Shuford uses the hours he saves in troubleshooting to fine-tune the backup environment with Veeam monitoring, reporting and capacity planning.
Western Digital Corporation, Booth 560
Product Name: ActiveScale x100 and P100
hgst.com/products/systems/activescale-x100-system
The ActiveScale System is a fully self-contained, scale-out object storage system that can exceed the scale and TCO benefits of traditional cloud or tape infrastructure. ActiveScale can easily keep up with growing data by both scaling-up and scaling-out delivering 840 terabytes (TB) of raw data storage in a single rack and scaling-out to over 52 petabytes (PB) of raw storage all of which can be managed from a single pane of glass for high IT productivity. The ActiveScale System is an easy to implement solution that helps data centers easily evolve from silo-ed data storage to cloud-scale active archiving with extreme data durability for high data integrity.

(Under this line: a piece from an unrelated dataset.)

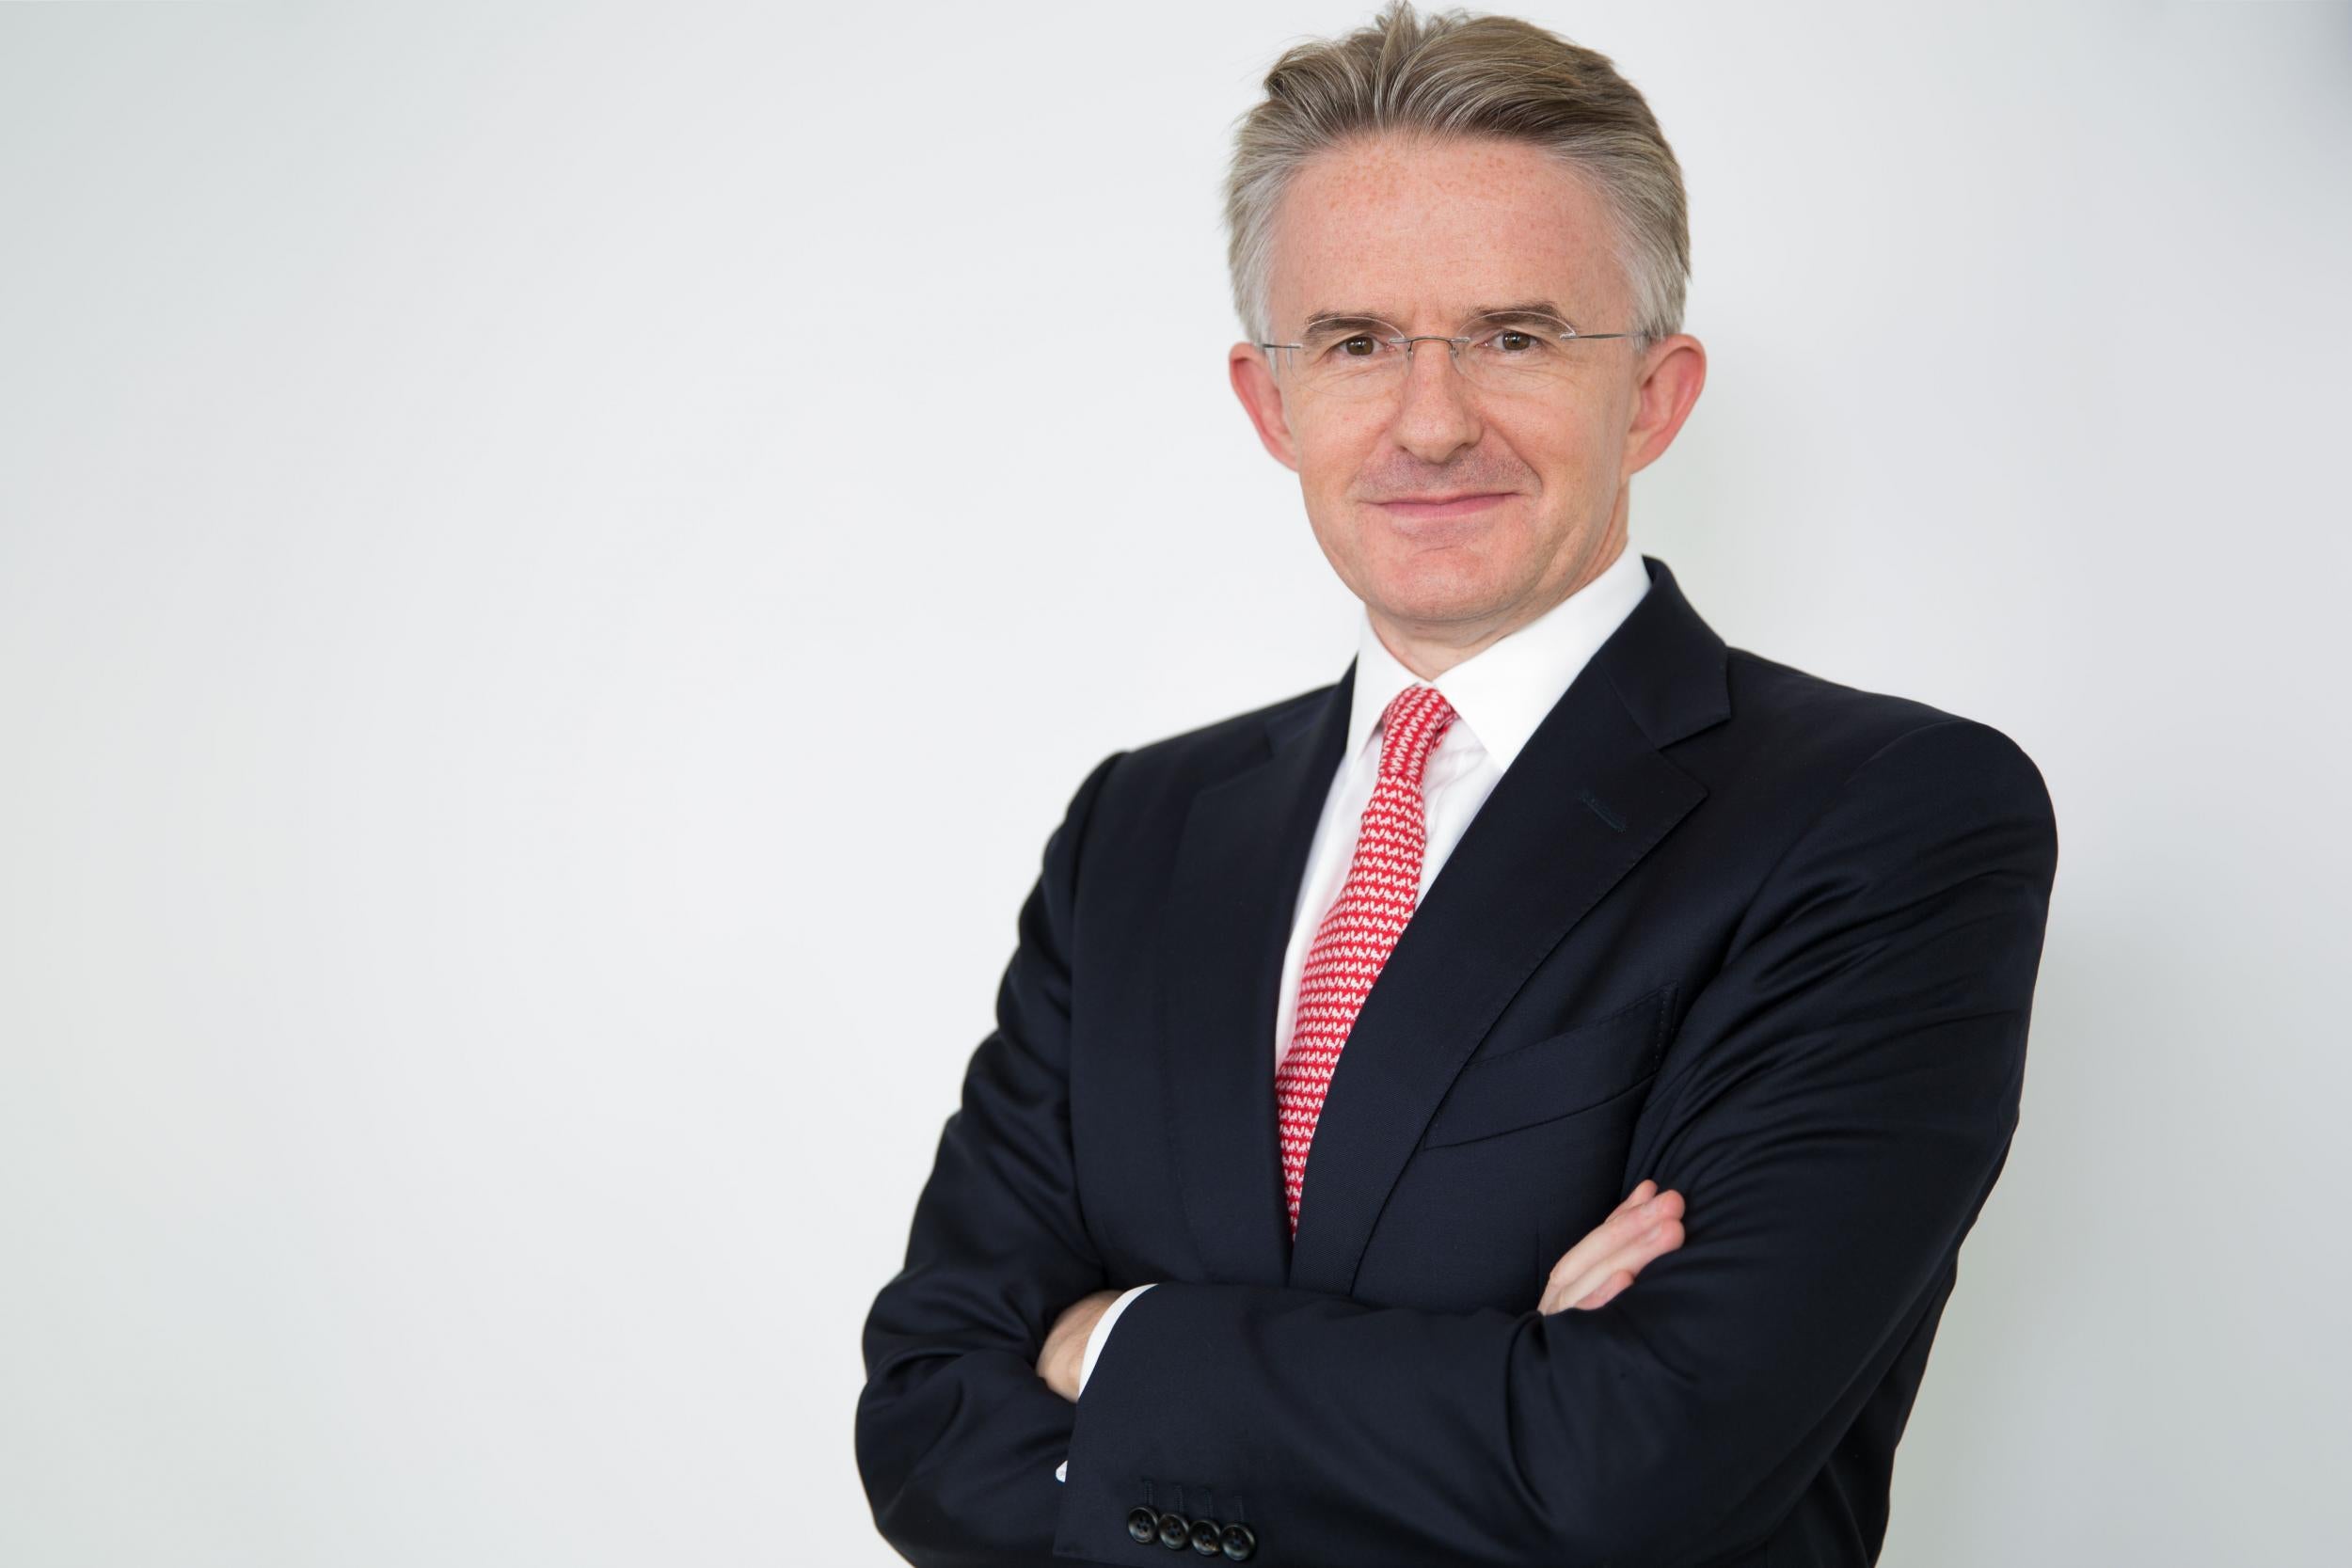 John Flint currently heads up retail banking and wealth management at HSBC

Your existing cloud applications use the same access protocol as the ActiveScale which has native support for Amazon S3, and gateways are available to accommodate your file-based laboratory devices.

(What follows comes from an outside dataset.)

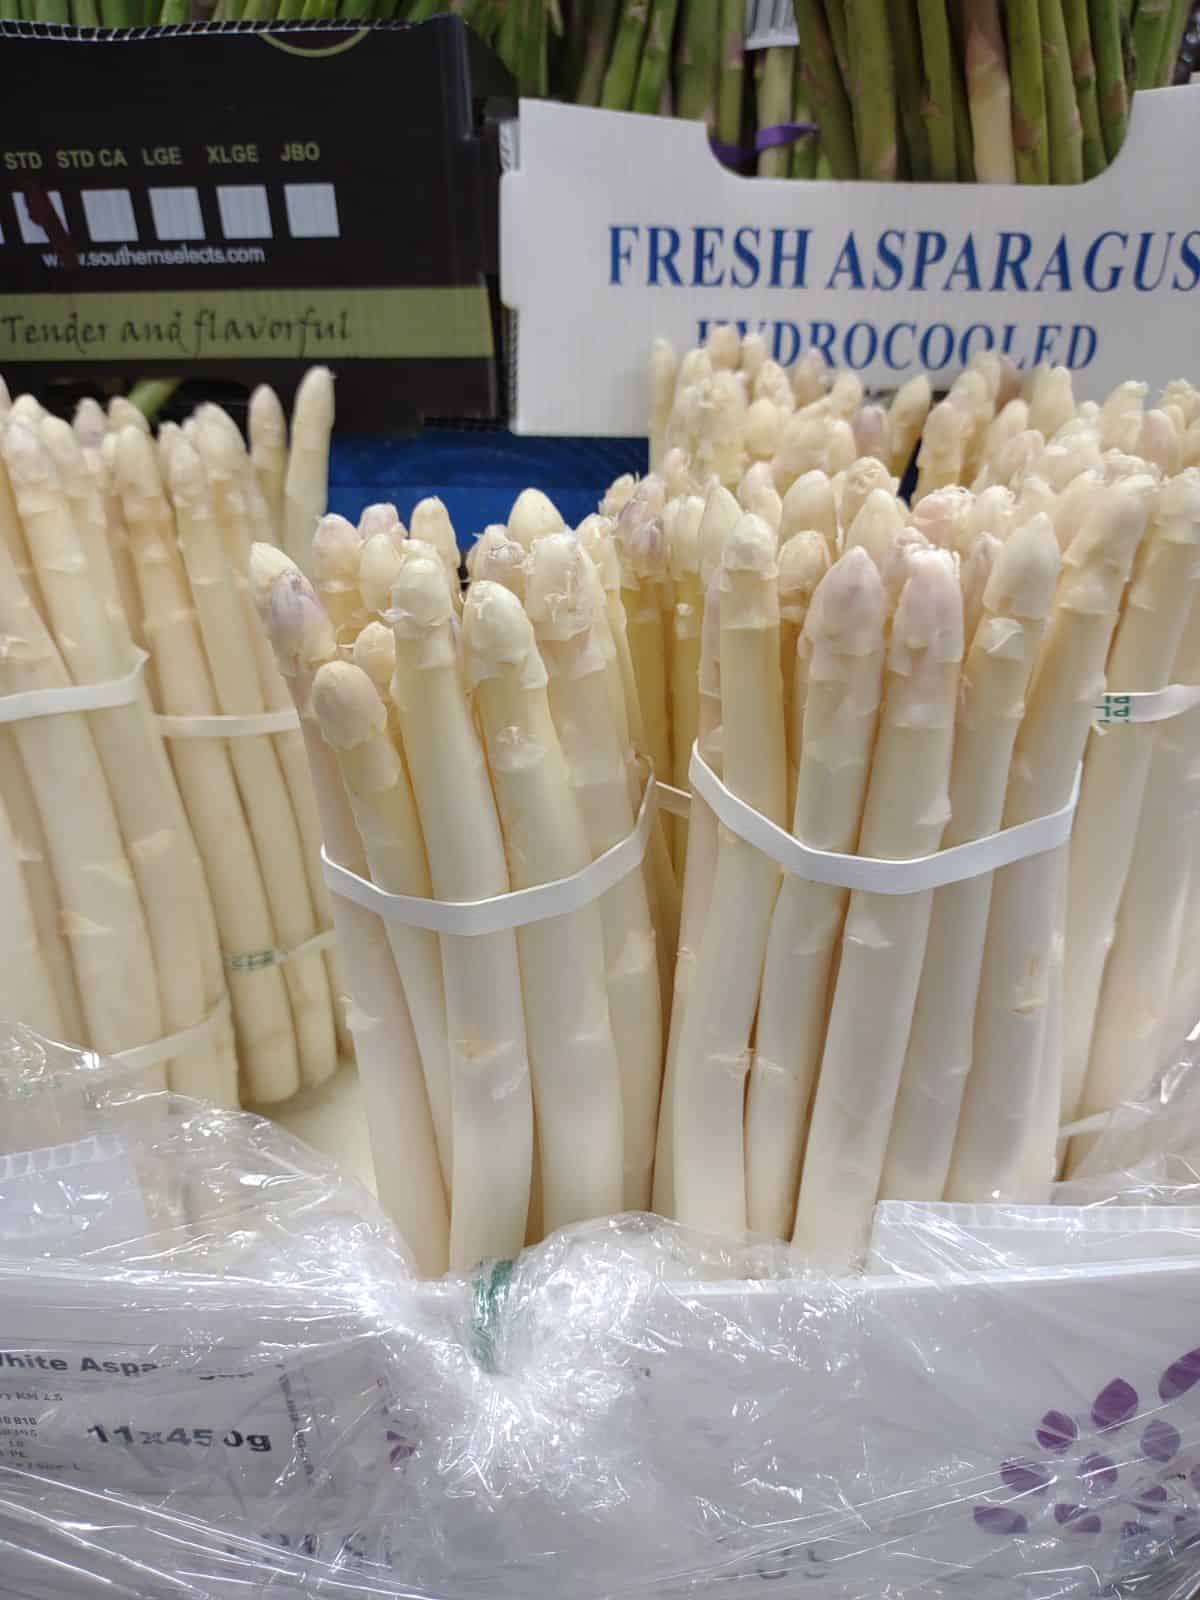 A display of white asparagus with white rubber bands at the grocery store.

Additionally, the ActiveScale System uses advanced erasure coding, strong consistency and BitDynamics to deliver extreme data durability of up to 17 nines (99.999999999999999% durability) to ensure valuable research results are well protected and always available. In a multi-geo implementation, data remains consistent and accessible even during a full data center outage. Through background data integrity checking, the system automatically and transparently detects and corrects data degradation, eliminating the risks and media management activities associated with tape-based archives.
Wiley, Booth 429
Product Name: Wiley Metlin/XCMS Plus
wiley.com
Metlin is the original and most comprehensive MS/MS reference library featuring high quality experimental data from known metabolites. Developed by the Scripps Center for Metabolomics, Metlin features more than 961,829 molecules, covering lipids, steroids, plant & bacteria metabolites, small peptides, carbohydrates, exogenous drugs/metabolites, central carbon metabolites and toxicants. Metlin contains over 14,000 metabolites, with over 200,000 in-silico MS/MS data. Metlin is the largest MS/MS collection of data, with multiple collision energies in positive and negative ionization modes. Special features such as “fragment search” or “neutral loss search” perform a search for any uploaded user data that does not match a compound in the database by searching for characteristic fragments that can be used for molecular classification. This collection allows investigators to compare MS2 data from their research samples to MS2 data from compounds in the database using automated matching, resulting in improved speed, efficiency, and cost effectiveness of untargeted studies.
METLIN provides links and information for every one of its 960,000 compounds. These include name, systematic name, structure, elemental formula, mass, CAS number, KEGG ID and link, HMDB ID and link, PubChem ID and link, commercial availability and direct search options on the molecule itself. Data were generated using multiple instruments, including Agilent, Bruker and Waters QTOF mass spectrometers.